Der Angeklagte war ein Blödmann...

von Carsten Krumm, veröffentlicht am 22.04.2023
Rechtsgebiete: Verkehrsrecht1|1637 Aufrufe

Nicht ganz so hatte es die Berufungskammer geschrieben, aber wohl gemeint. Und im Urteil hatte sie aus ihrer Meinung keinen Hehl gemacht. Das führte dann zur Aufhebung hinsichtlich des Maßregelausspruchs nach §§ 69,69a StGB:

 

2. Die neben der Geldstrafe angeordnete Maßregel nach den §§ 69, 69a StGB kann ebenfalls keinen Bestand haben, weil die Berufungskammer ihre Entscheidung mit sachfremden Erwägungen begründet hat. Zwar hat die Berufungskammer gesehen, dass es für die Verhängung der Maßregel darauf ankommt, ob der Angeklagte ungeeignet zum Führen von Fahrzeugen ist. Allerdings wurde verkannt, dass sich nach § 69 Abs. 1 Satz 1 StGB die Ungeeignetheit „aus der Tat“ ergeben muss.
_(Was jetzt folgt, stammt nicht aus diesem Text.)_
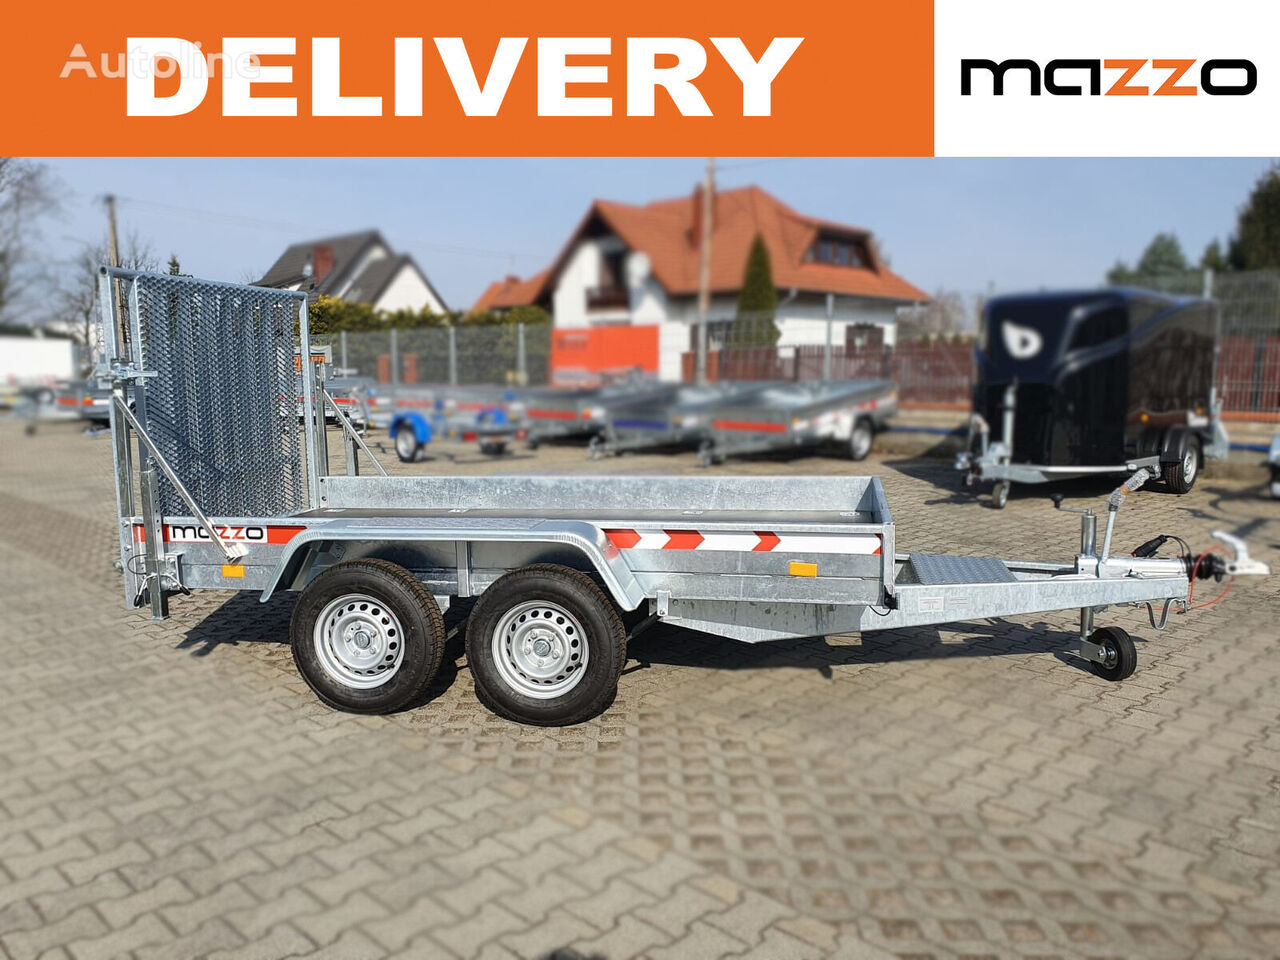 new BAGGERMAX 3.0T for MINI EXCAVATORS equipment trailer

Die stark moralisierenden Erwägungen zum Auftreten des Angeklagten in der Berufungshauptverhandlung („betont desinteressiert“, „herablassend siegesgewiss“, sich „nur gelegentlich in überheblich-spöttischer Weise äußernd“), die schon für sich genommen bedenklich sind (vgl. nur BGH, Beschluss vom 03.08.2021 - 2 StR 217/21 = StV 2022, 224; 22.10.2020 - 2 StR 232/20 bei juris; Urt. v. 04.12.2018 - 1 StR 477/18 = NStZ-RR 2019, 105), lassen keinen konkreten Bezug zur Frage der Eignung des Angeklagten zum Führen von Kraftfahrzeugen im Straßenverkehr erkennen. Zudem hat die Berufungskammer die Begehung der Straftaten, die zu den späteren Verurteilungen in anderen Verfahren führten, und die daraus abgeleitete „Gleichgültigkeit des Angeklagten gegenüber anderen Rechtsgütern“ zusätzlich für ihre Einschätzung herangezogen, dass der Angeklagte auch zum gegenwärtigen Zeitpunkt noch charakterlich zum Führen von Kraftfahrzeugen im Straßenverkehr ungeeignet sei. Dabei wurde außer Acht gelassen, dass die Taten, die diesen Verurteilungen zu Grunde lagen, in keinem Zusammenhang mit dem Führen von Kraftfahrzeugen standen. Auch wenn es sich bei dem verfahrensgegenständlichen Delikt um einen Regelfall im Sinne des § 69 Abs. 2 Nr. 1a StGB handelte, kann der Senat nicht völlig ausschließen, dass die Strafkammer im Falle einer am Gesetz orientierten Begründung der Maßregel von dem Regelfall abgewichen wäre, sodass die Entscheidung auch insoweit auf diesem Rechtsfehler beruht (§ 337 Abs. 1 StPO).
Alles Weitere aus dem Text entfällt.